Quote “This is the most incredible thing you’ve ever made…“
Those were the very words uttered by my sweetheart this evening. Ever since I mentioned my last cookery lesson and the variety of things we learnt including this amazing method for Pork Belly he’s been putting his hand up since.
I’ve learnt the secret to a good Snap, Crackle & Pop, that’s crisp crackling, a firm snap and that pop when you bite into it!
I’ve picked up a few tips, both in class and from extracurricular reading from Heston Blumenthal at Home. The most interesting thing is whenever I’ve cooked Pork Belly in the past it’s usually been in a dry oven at a high heat. Actually in my class at school we’ve tried the Pork Belly at a low heat to start, with steam and at the latter stage, turned the heat right up to force that steam out. Hence the puff, the crackle and the pop!
Time: 1&1/2 hrs
1.4 kg approx of pork belly, this is plenty for two and also gives you some yummy fillings for sandwiches later in the week,
Salt (and loads of it)
Olive oil for the pan,
Mix of chopped veg, carrots, onion, celery etc (this is for the pork to rest on)
2 garlic cloves, chopped
2 birds eye chillies chopped
1.5 Tbsp of ginger chopped
2 Tbsp of Sugar, soy sauce, black vinegar
Freshly boiled water, stock or wine (your choice)
You’ll need 1 frying pan, oven tray, mesh strainer, a pan for the bottom of the oven and a mixing jug.
Glaze: Combine all the ingredients in a pan and simmer over a low heat. Adjust the liquid accordingly until you reach a slick smooth syrupy consistency. Strain and serve the glaze hot beside the pork.
Pork Belly: Preheat your oven to 160 (320F) Place a large pan of steaming water into the bottom of the oven, you’ll need to fill it 1/4 of the way.
Score the skin of the pork at intervals, every centimeter is ideal. Rub some salt into the cracks and take care to get right in. Place the pork belly, flesh side down into a hot pan with olive oil and brown to seal in those juices.
Scatter the oven tray with the mixed vegetables and place the pork with the skin side facing up, tuck the mixed vegetables under the pork to elevate the meat.

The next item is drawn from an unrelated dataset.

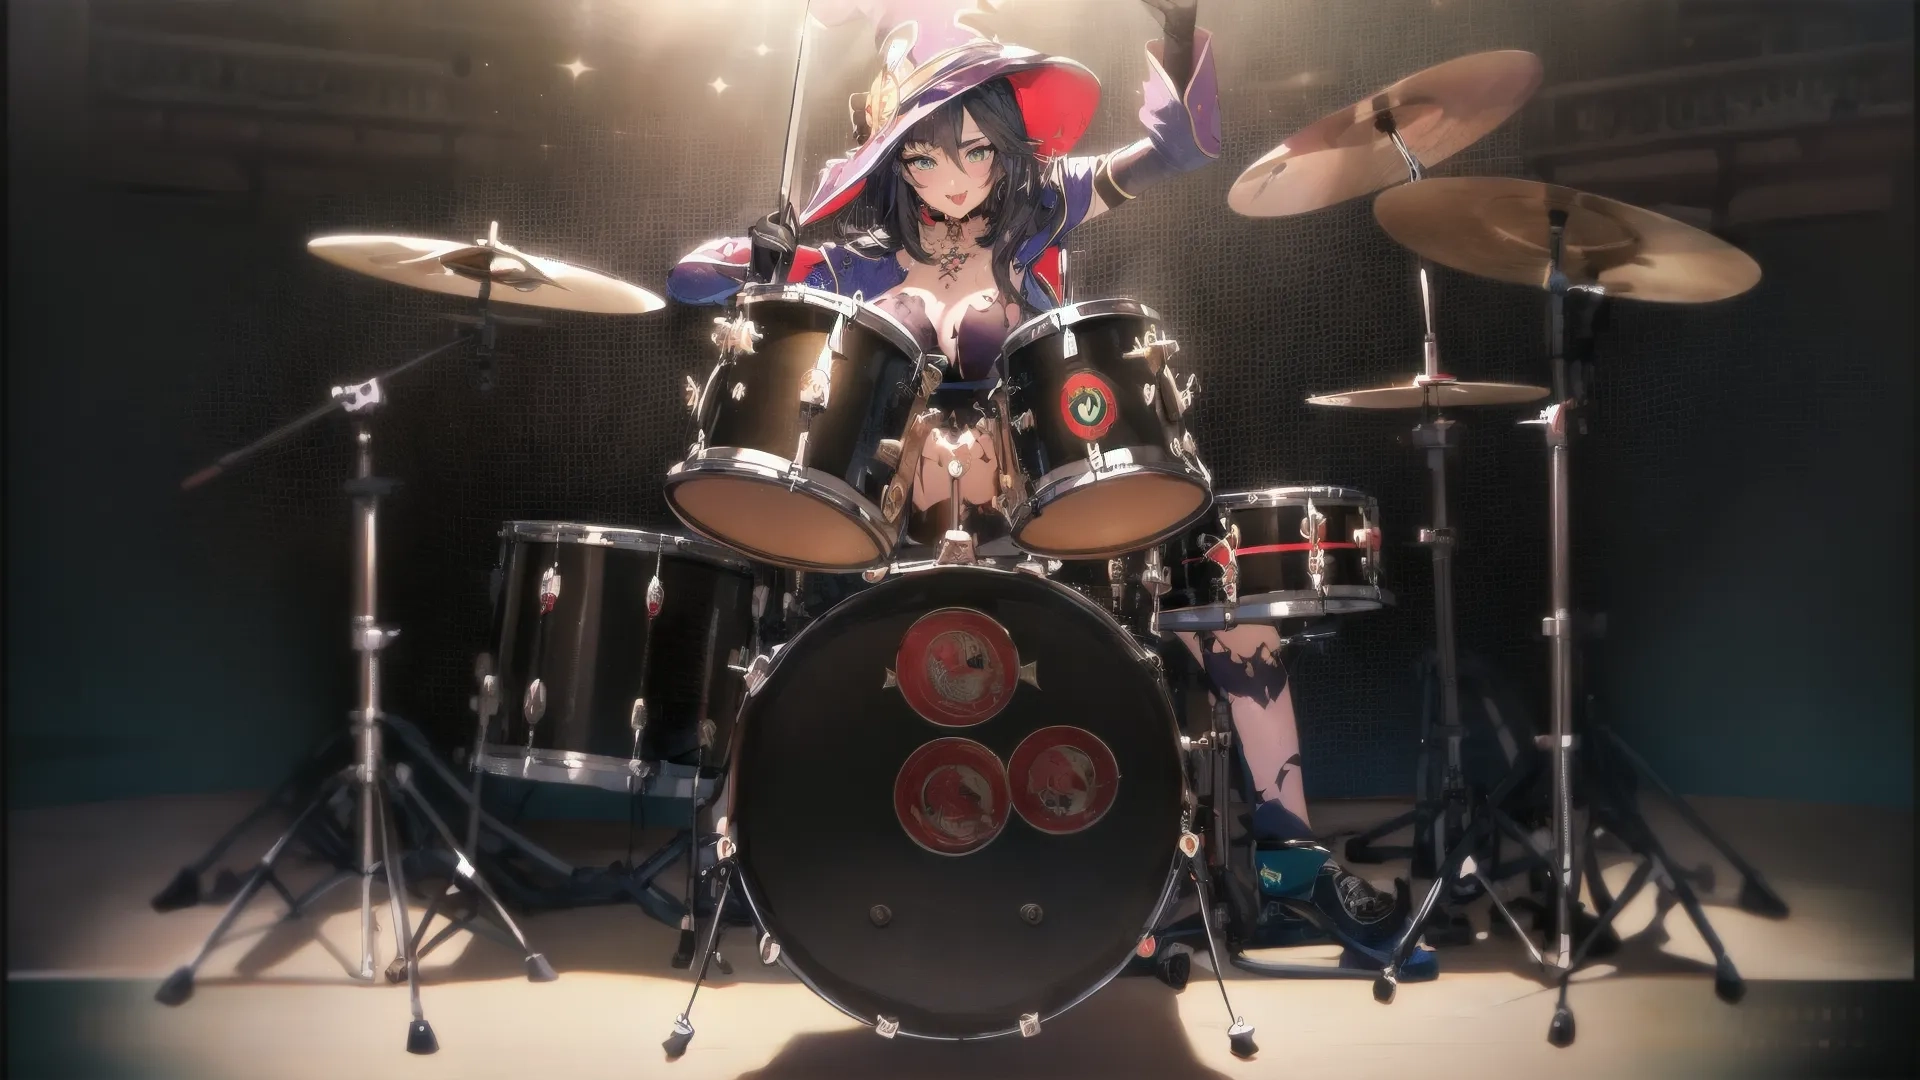 a young asian woman on her drums set with lights above her head and two drums behind her, in a studio setting, in front of drum equipment

Bake in the preheated oven for 1hr. Check the tray mid way and turn to even up the browning if necessary. Also check the steam and if it’s all evaporated pour in a little more boiling water, (now’s a great time to start the glaze too)
After the 1st hour, crank the heat up to 180C (356F) and remove the pan of water. Bake at this high heat for 20 mins and turn the grill on for the last five minutes. It should force any last amount of moisture out of the skin by this stage and hopefully you’ll have a some nice puffy bubbles happening in that crackling…Voilá!